2018-10-10 08:03:55.474 26208 ERROR tripleo_common.actions.templates [req-bed99655-45c0-4455-9628-00e97accb2d7 7fff713b28d647d4bb0564dae6a00d32 c5a85f06ef4f47468d7054f618c0febd - default default] Error occurred while processing custom roles.: Exception: Error storing file network/service_net_map.yaml in container overcloud
2018-10-10 08:03:55.474 26208 ERROR tripleo_common.actions.templates Traceback (most recent call last):
2018-10-10 08:03:55.474 26208 ERROR tripleo_common.actions.templates File "/usr/lib/python2.7/site-packages/tripleo_common/actions/templates.py", line 368, in run
2018-10-10 08:03:55.474 26208 ERROR tripleo_common.actions.templates self._process_custom_roles(context)
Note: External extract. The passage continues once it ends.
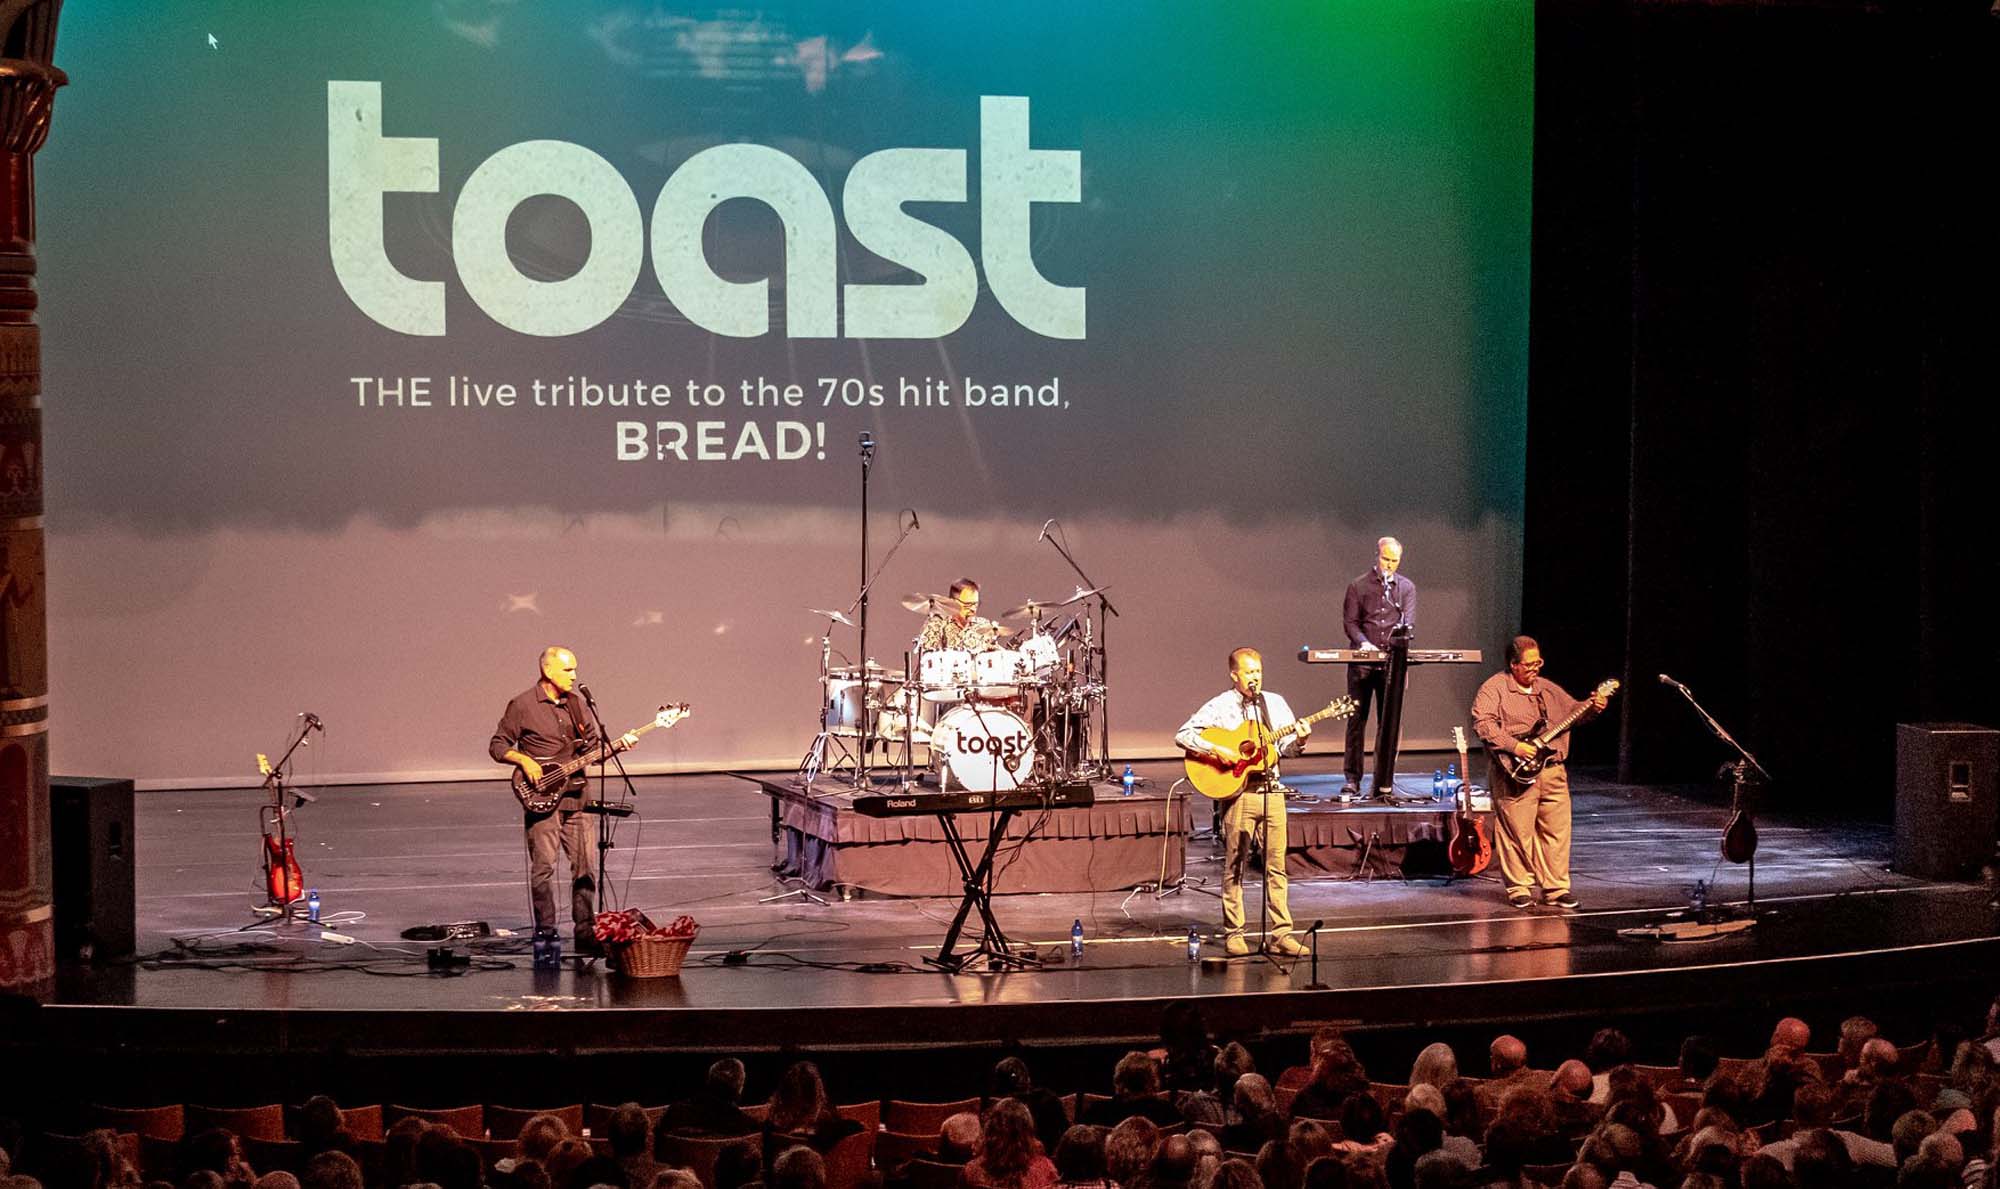 Toast Bread Cover Band performing live
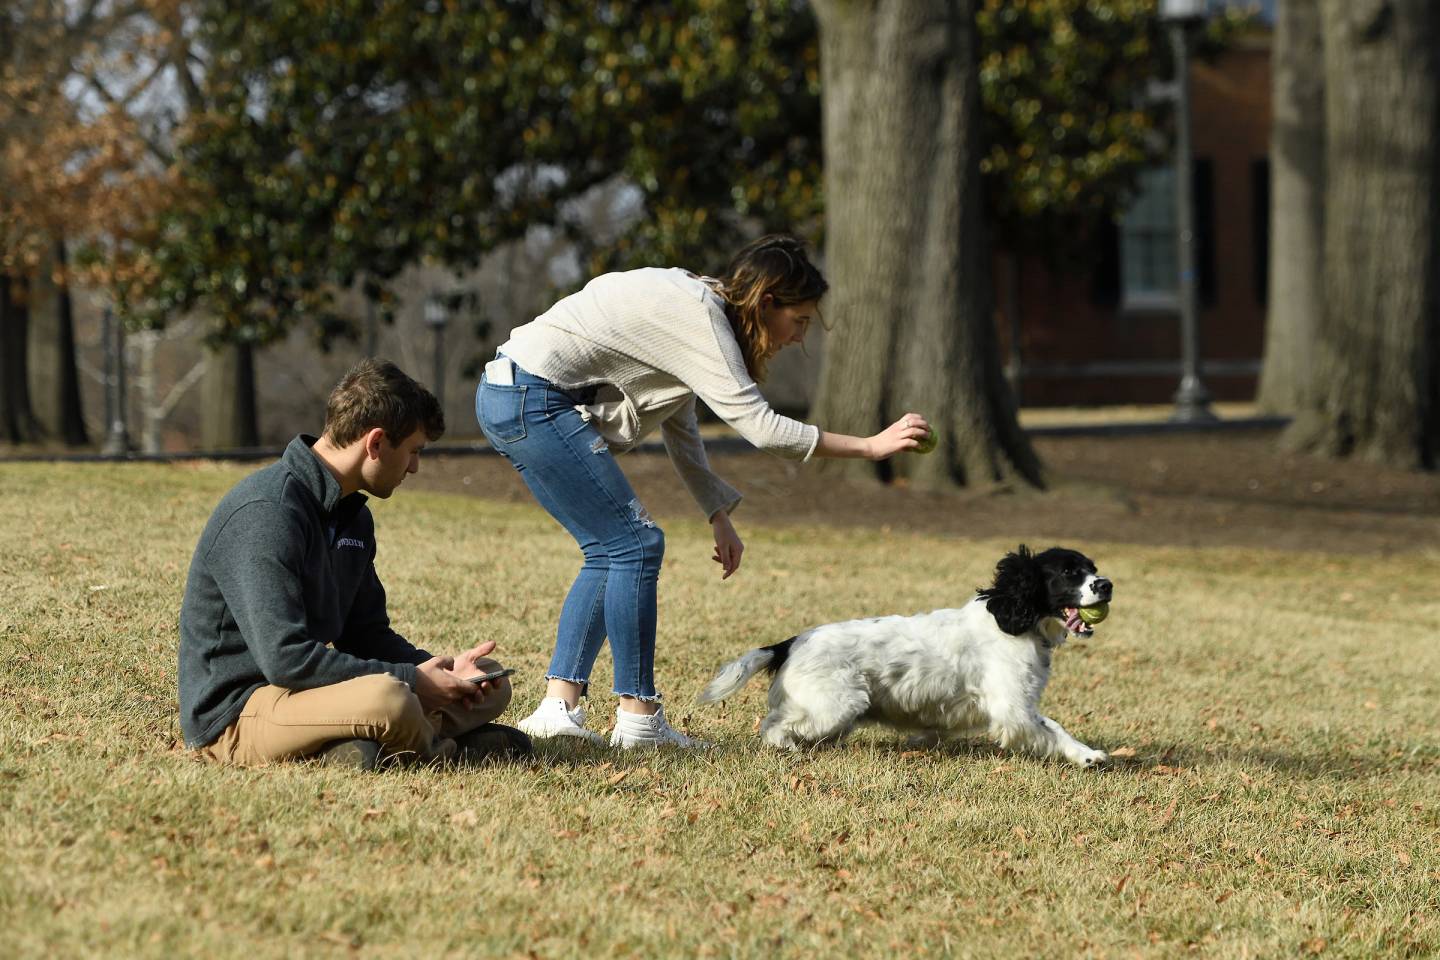 Two people play fetch with a dog

2018-10-10 08:03:55.474 26208 ERROR tripleo_common.actions.templates File "/usr/lib/python2.7/site-packages/tripleo_common/actions/templates.py", line 346, in _process_custom_roles
2018-10-10 08:03:55.474 26208 ERROR tripleo_common.actions.templates context=context)
2018-10-10 08:03:55.474 26208 ERROR tripleo_common.actions.templates File "/usr/lib/python2.7/site-packages/tripleo_common/actions/templates.py", line 157, in _j2_render_and_put
2018-10-10 08:03:55.474 26208 ERROR tripleo_common.actions.templates raise Exception(error_msg)
2018-10-10 08:03:55.474 26208 ERROR tripleo_common.actions.templates Exception: Error storing file network/service_net_map.yaml in container overcloud
2018-10-10 08:03:55.474 26208 ERROR tripleo_common.actions.templates
It looks like the upload to swift failed, but this code isn't written to retry on failure. Looking at the swift logs it happened due to a timeout [4]
Oct 10 08:03:52 centos-7-inap-mtl01-0002810891 proxy-server: ERROR with Object server 192.168.24.1:6000/1 re: Trying to get final status of PUT to /v1/AUTH_c5a85f06ef4f47468d7054f618c0febd/overcloud/network/service_net_map.yaml: Timeout (60.0s) (txn: tx4931d10773dc4044b0baf-005bbdb22c)
Oct 10 08:03:52 centos-7-inap-mtl01-0002810891 proxy-server: Object PUT returning 503 for [503] (txn: tx4931d10773dc4044b0baf-005bbdb22c) (client_ip: 192.168.24.1)
Oct 10 08:03:52 centos-7-inap-mtl01-0002810891 proxy-server: 192.168.24.1 192.168.24.1 10/Oct/2018/08/03/52 PUT /v1/AUTH_c5a85f06ef4f47468d7054f618c0febd/overcloud/network/service_net_map.yaml HTTP/1.0 503 - python-swiftclient-3.5.0 gAAAAABbvbHJ-yJb... 6147 118 - tx4931d10773dc4044b0baf-005bbdb22c - 60.0126 - - 1539158572.454325914...
[1] http://logs.openstack.org/24/608324/1/gate/tripleo-ci-centos-7-undercloud-oooq/0843431/logs/undercloud/home/zuul/undercloud_install.log.txt.gz#_2018-10-10_08_04_20
[2] http://logs.openstack.org/24/608324/1/gate/tripleo-ci-centos-7-undercloud-oooq/0843431/job-output.txt.gz#_2018-10-10_08_04_20_323422
[3] http://logs.openstack.org/24/608324/1/gate/tripleo-ci-centos-7-undercloud-oooq/0843431/logs/undercloud/var/log/mistral/executor.log.txt.gz#_2018-10-10_08_03_55_473
[4] http://logs.openstack.org/24/608324/1/gate/tripleo-ci-centos-7-undercloud-oooq/0843431/logs/undercloud/var/log/swift/swift.log.txt.gz#_Oct_10_08_03_52
Is this a single issue or happens repeatedly?
Looking at logfile #4 it seems that the container updater was running at the same time, and once it finished the storage servers (account, container, object) successfully finished storing the object: http:// logs.openstack. org/24/ 608324/ 1/gate/ tripleo- ci-centos- 7-undercloud- oooq/0843431/ logs/undercloud /var/log/ swift/swift. log.txt. gz#_Oct_ 10_08_04_ 10
However, the proxy hit the timeout value earlier, so the upload failed from a user perspective.
So my initial guess is that this is a load issue, and because the undercloud runs with a single replica there is no fallback option. Right now I'm just wondering if we need to run the container-updater with a single replica on the undercloud at all - there is likely no benefit, but I need to confirm this.